University of Lyon 1

Laurent Feuilloley is a postdoctoral researcher, mainly interested in distributed and online algorithms, as well as graph theory. He got his PhD from University of Paris in 2018, was a postdoctoral fellow at Sorbonnes University and University of Chile, and is now a postdoc in University of Lyon 1.

Local Certification of Graph Classes

Many distributed graph algorithms have been designed for specific graph classes, such as regular or planar graphs. In some cases, e.g. regular graphs, the nodes of the network can check locally that the network indeed has the right structure, before running the algorithm. Unfortunately, in some cases, e.g. planar graphs, it is not possible to locally check the structure, and this can be problematic.

In this talk, I will review the recent results on the local certification of graph classes, which consists in certifying that the network belongs to a given class, using short labels on the nodes and a local verification algorithm.

[The talk will have a non-empty but small intersection with the gem talk I gave at PODC.]

[Krzysztof Nowicki]

Krzysztof Nowicki

BARC, University of Copenhagen

Krzysztof Nowicki is a postdoc at BARC, University of Copenhagen, in the group led by Mikkel Thorup. Krzysztof completed his PhD degree at University of Wrocław, under the supervision of Tomasz Jurdziński. His areas of interest focus on the algorithms for big data sets. Most of his past work concerns parallel algorithms for problems related to graph connectivity.

Spanning Trees and Small Cuts in Congested Clique

In the Congested Clique model, there are n players that perform computation in synchronous rounds. Each round consists of a phase of local computation and a phase of communication, in which each pair of players is allowed to exchange $O(\log n)$ bit messages. The main complexity measure is the number of rounds needed by the algorithm. The Congested Clique model may be considered as a special case of the Congest model in which the communication network is a clique, or as a special case of the Massively Parallel Computation model.

In this talk I will present a deterministic algorithm computing a maximal (in the sense of inclusion) spanning forest of a graph in a constant number of rounds, and briefly discuss its applications to the Minimum Spanning Tree problem, and the Edge Connectivity problem.

[Goran Zuzic]

Goran Zuzic

ETH Zurich

Goran Zuzic is a postdoc at ETH Zurich, in the research group of Prof. Mohsen Ghaffari. He received his Ph.D. from the School of Computer Science at Carnegie Mellon University under the advisorship of Prof. Bernhard Haeupler. His thesis, titled Towards Universal Optimality in Distributed Optimization, won the 2021 ACM principles of distributed computing dissertation award.
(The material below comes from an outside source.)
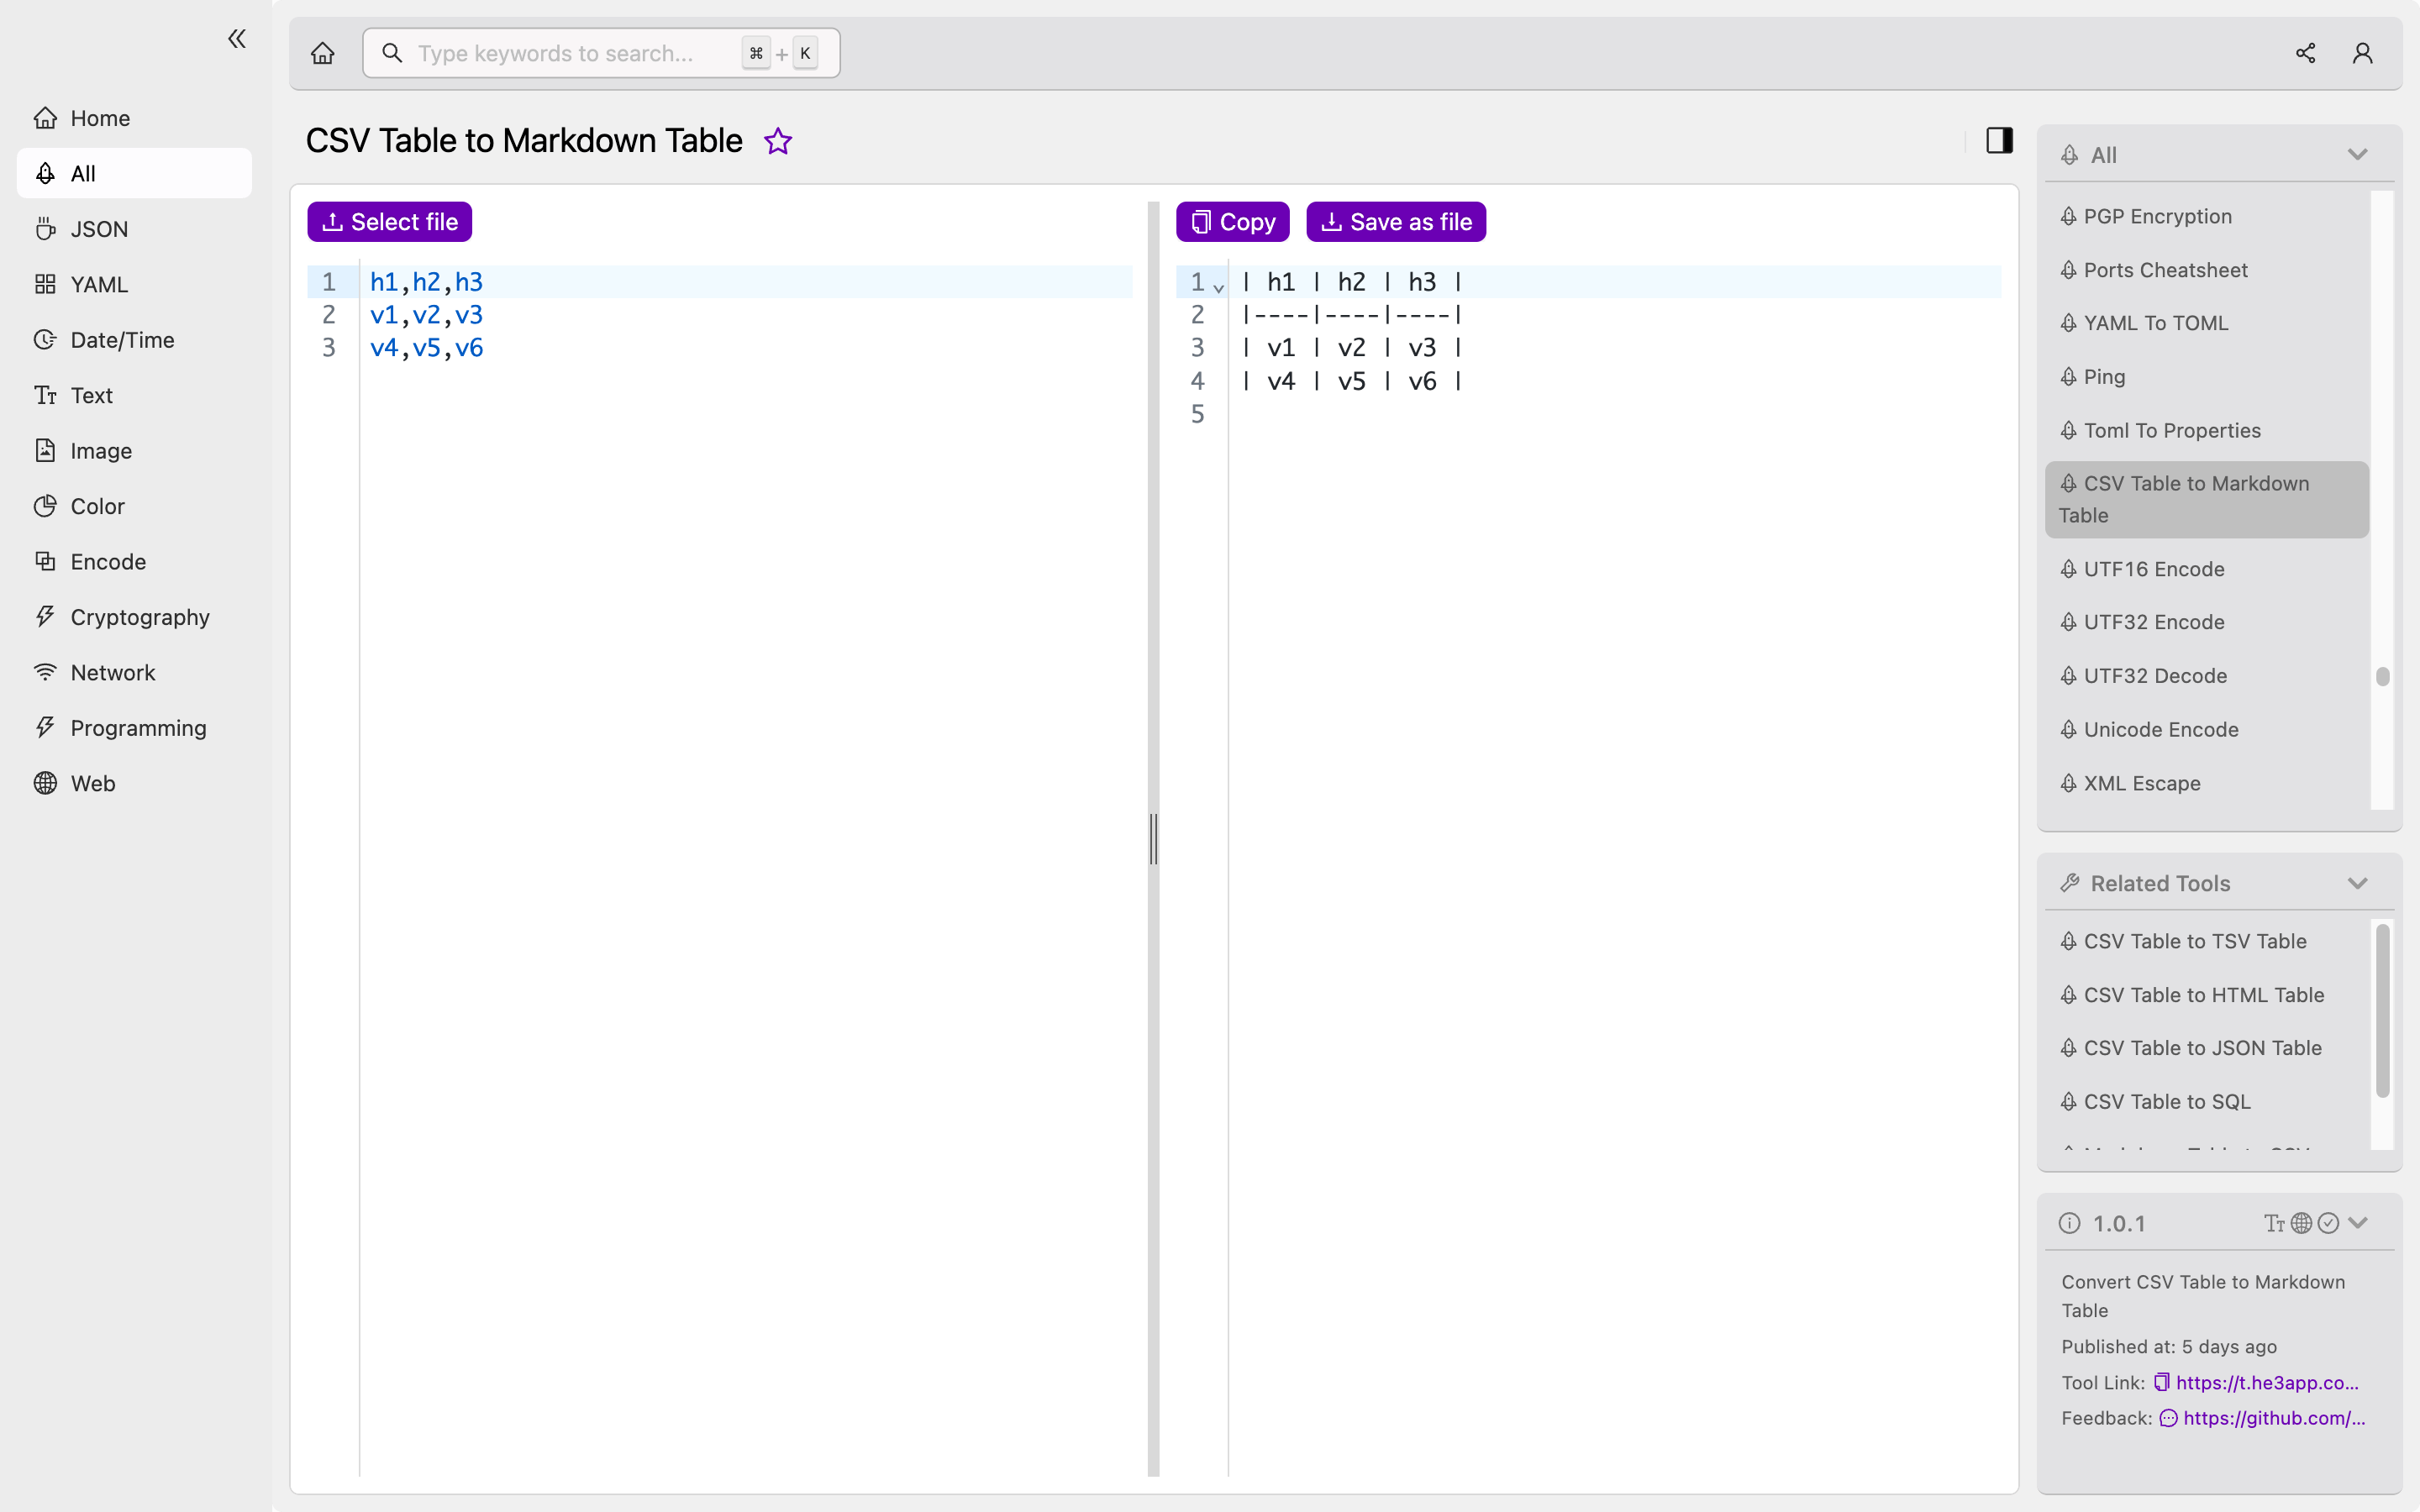 CSV Table to Markdown Table

He has a broad interest in algorithms, with a focus on algorithms in the distributed setting and a fledging interest in applying tools from continuous optimization to overcome long-standing barriers for fundamental problems.
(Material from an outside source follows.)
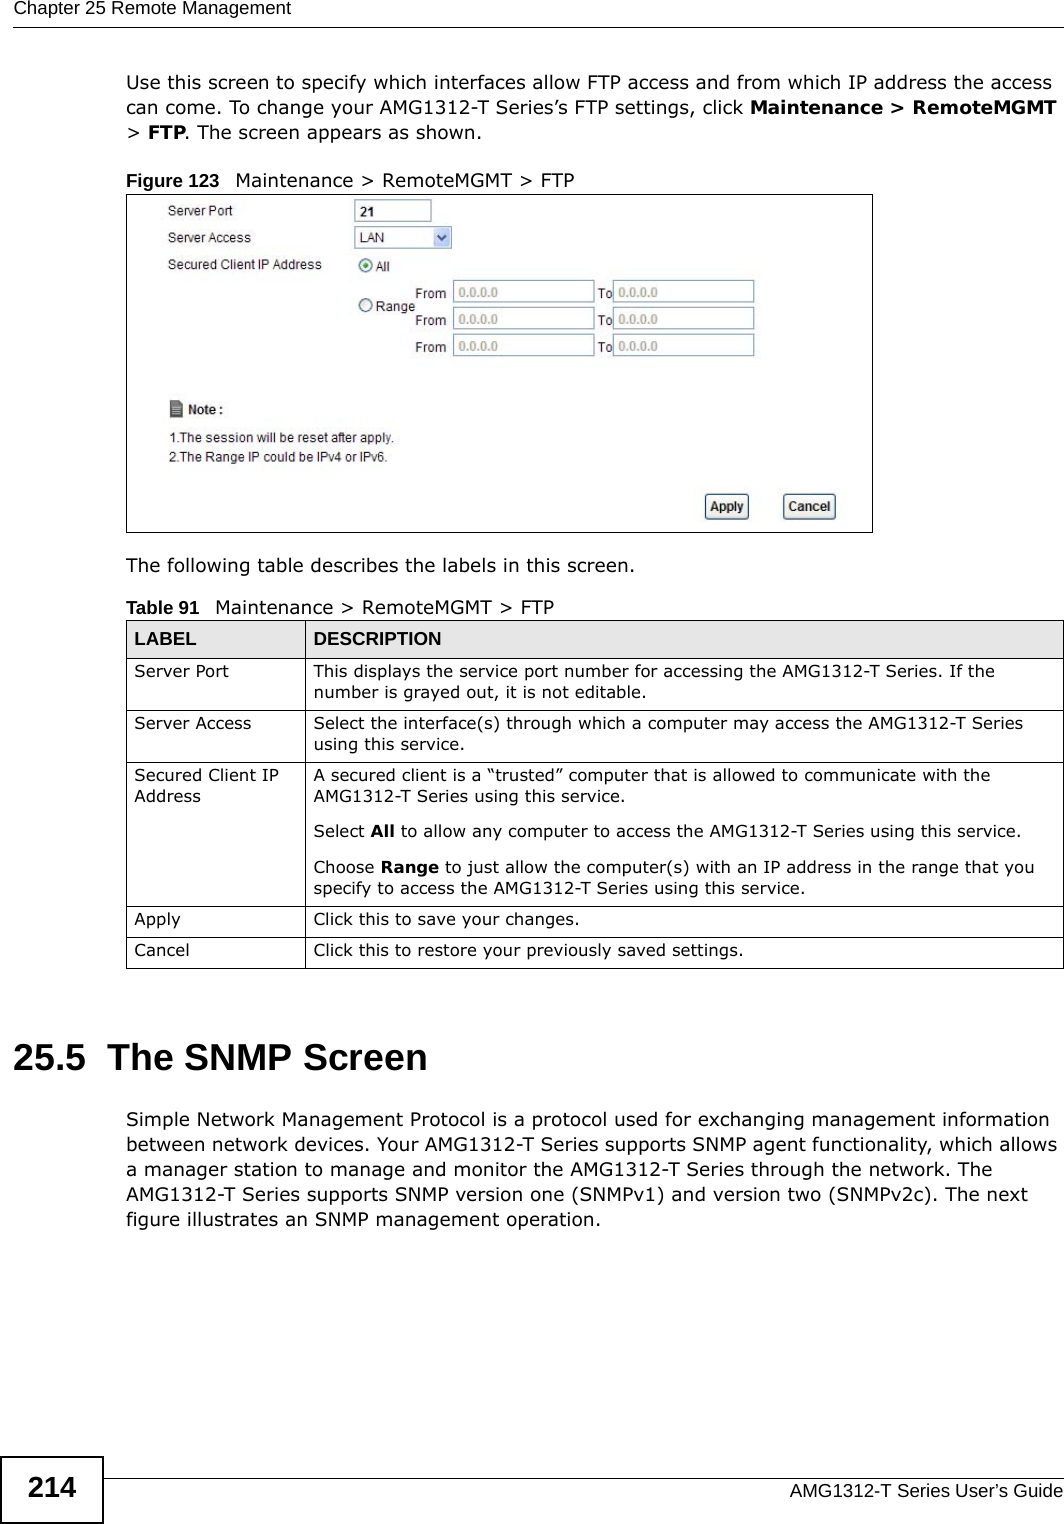 Chapter 25 Remote ManagementAMG1312-T Series User’s Guide214Use this screen to specify which interfaces allow FTP access and from which IP address the access can come. To change your AMG1312-T Series’s FTP settings, click Maintenance &gt; RemoteMGMT &gt; FTP. The screen appears as shown.Figure 123   Maintenance &gt; RemoteMGMT &gt; FTPThe following table describes the labels in this screen. 25.5  The SNMP ScreenSimple Network Management Protocol is a protocol used for exchanging management information between network devices. Your AMG1312-T Series supports SNMP agent functionality, which allows a manager station to manage and monitor the AMG1312-T Series through the network. The AMG1312-T Series supports SNMP version one (SNMPv1) and version two (SNMPv2c). The next figure illustrates an SNMP management operation.Table 91   Maintenance &gt; RemoteMGMT &gt; FTPLABEL DESCRIPTIONServer Port This displays the service port number for accessing the AMG1312-T Series. If the number is grayed out, it is not editable.Server Access Select the interface(s) through which a computer may access the AMG1312-T Series using this service.Secured Client IP AddressA secured client is a “trusted” computer that is allowed to communicate with the AMG1312-T Series using this service. Select All to allow any computer to access the AMG1312-T Series using this service.Choose Range to just allow the computer(s) with an IP address in the range that you specify to access the AMG1312-T Series using this service.Apply Click this to save your changes.Cancel Click this to restore your previously saved settings.

An Overview of Universal Optimality in Distributed Computing

Many distributed algorithms for optimization problems like the shortest path or the minimum spanning tree achieve existentially-optimal running times, meaning that there exists some pathological worst-case topology on which no algorithm can do better. Still, most networks of interest allow for exponentially faster algorithms. This motivates two long-standing fundamental questions in distributed computing:

(i) What network topology parameters determine the complexity of distributed optimization?

(ii) Are there universally-optimal algorithms that are as fast as possible on every topology?
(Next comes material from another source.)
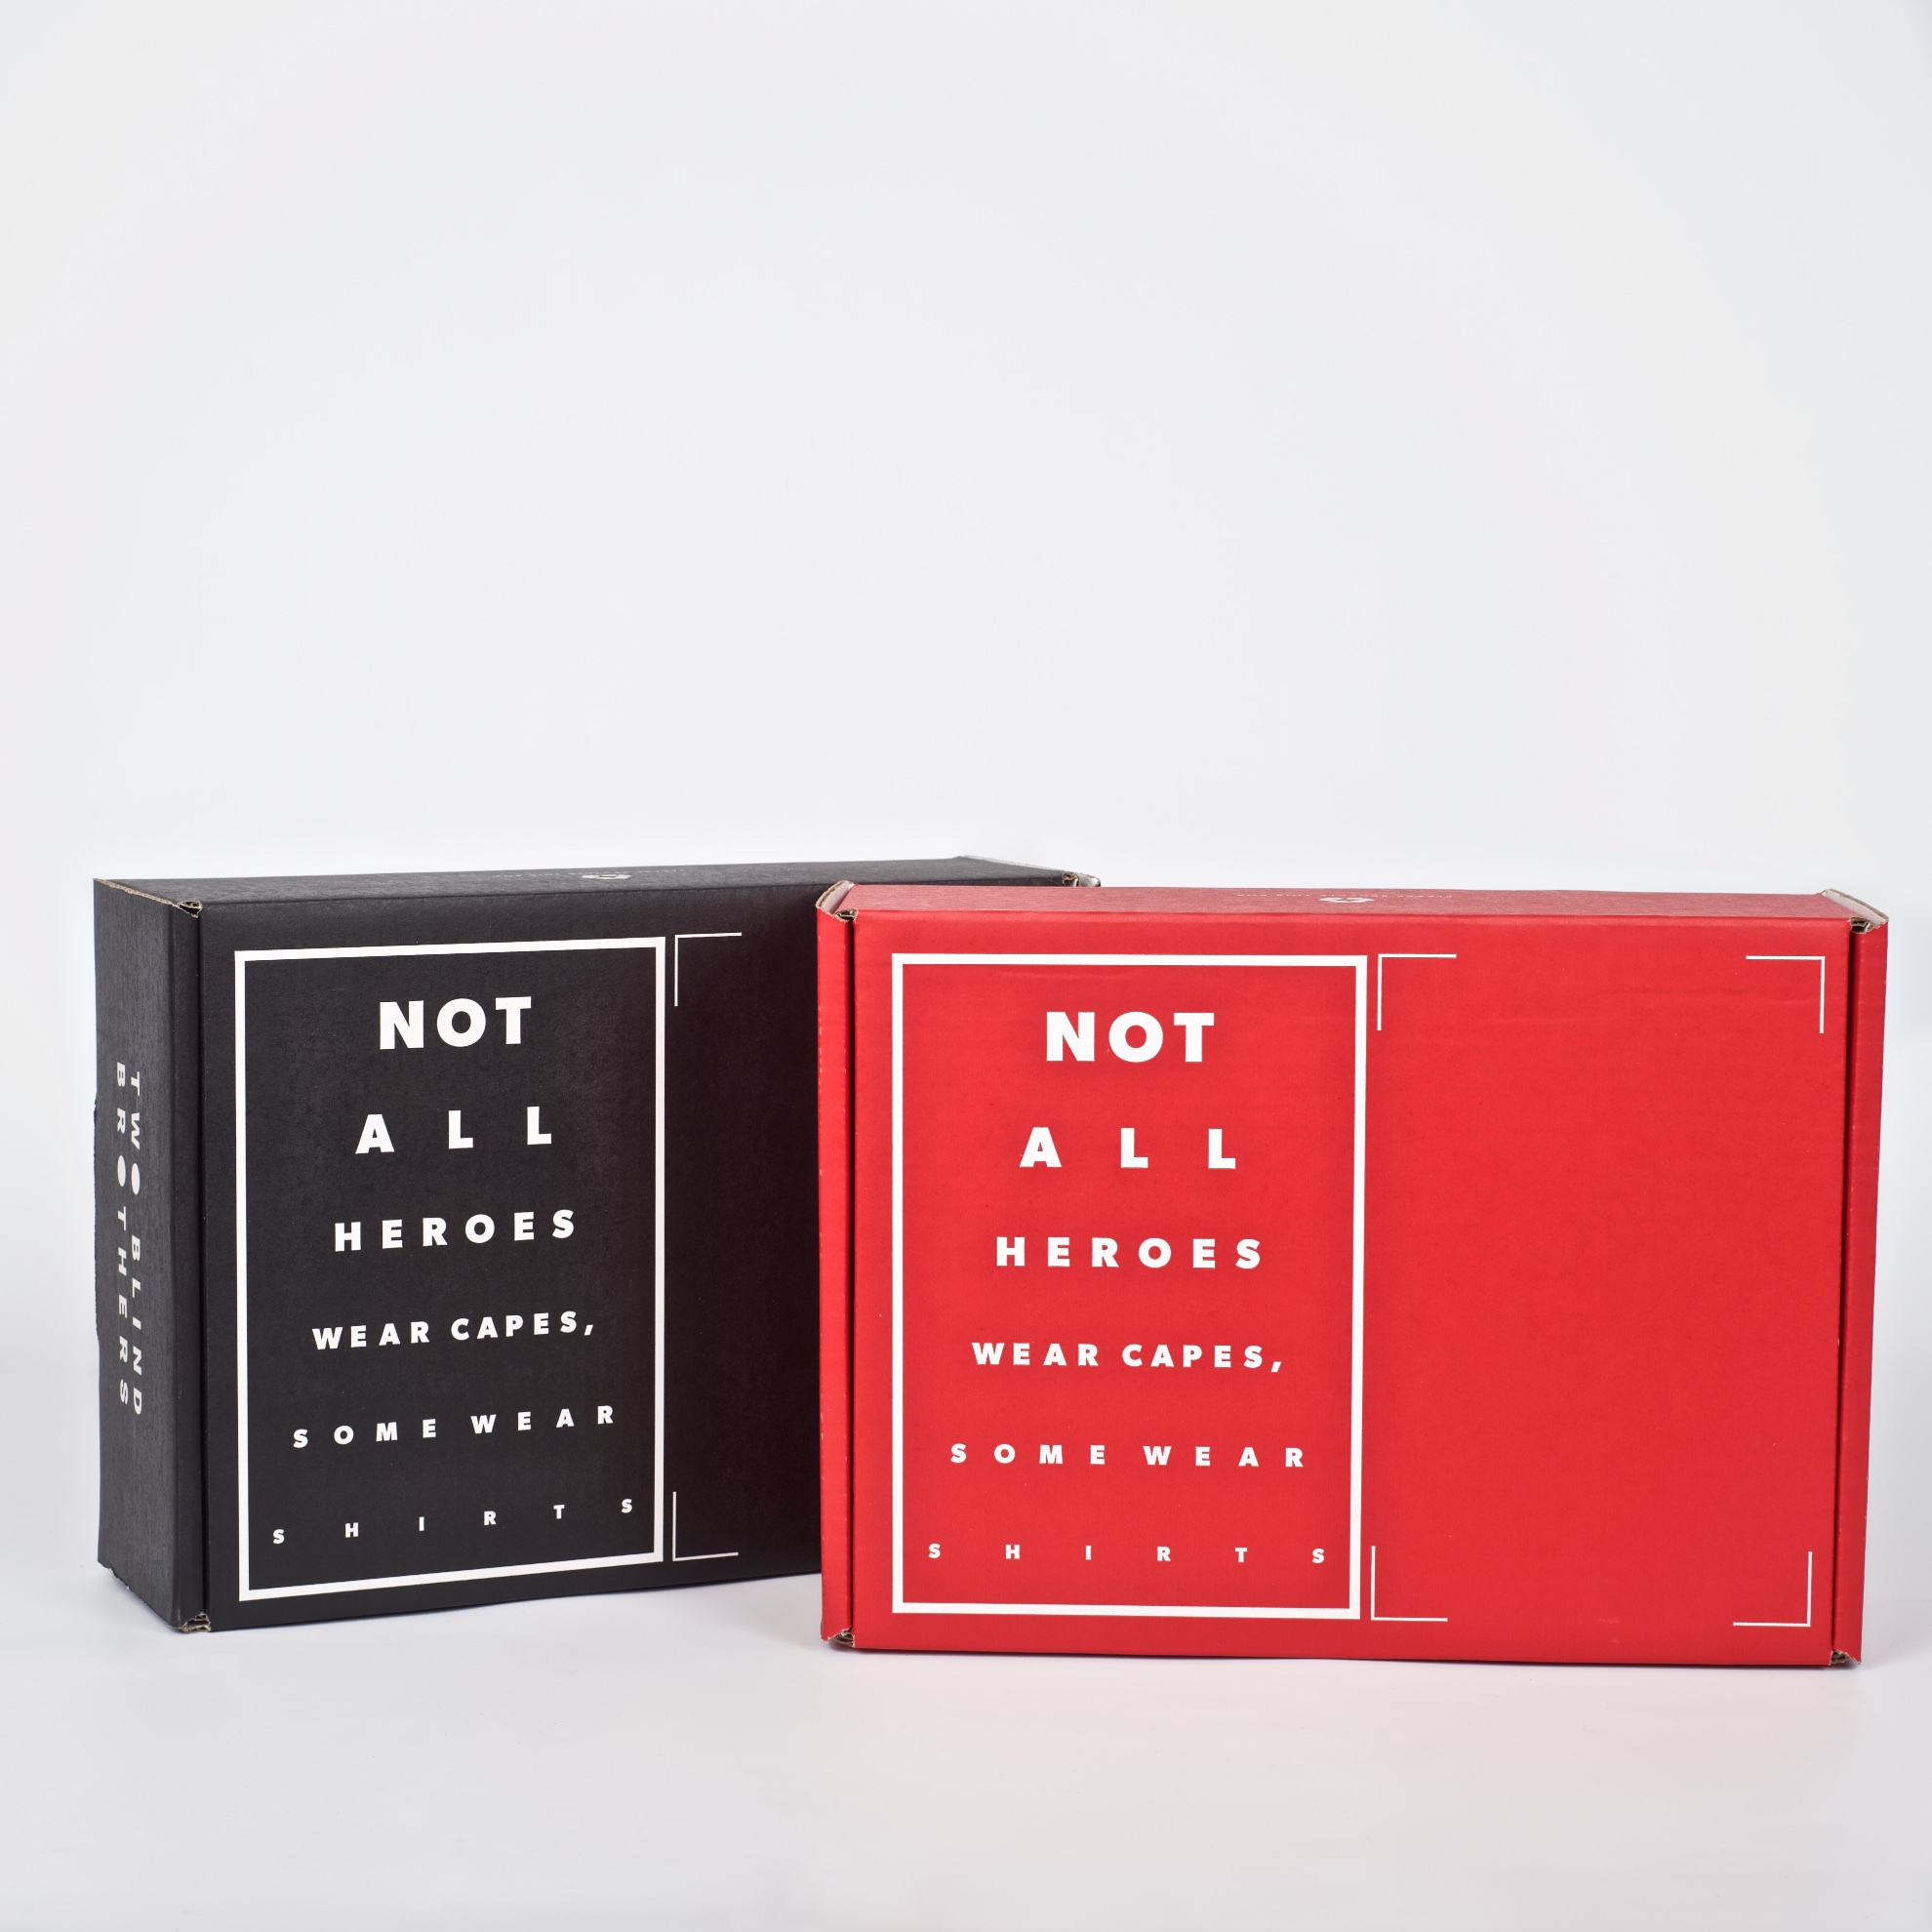 DTC Packaging for Startup Businesses

A recent line of work on the so-called low-congestion shortcut framework answered both of these questions: (i) the network topology parameter is (up to polylogs) the low-congestion shortcut quality, and (ii) there indeed exist universally-optimal algorithms. In this talk, I will give an overview of the various pieces of the framework, explain how they interact to culminate in universally-optimal algorithms, as well as several other results of independent interest.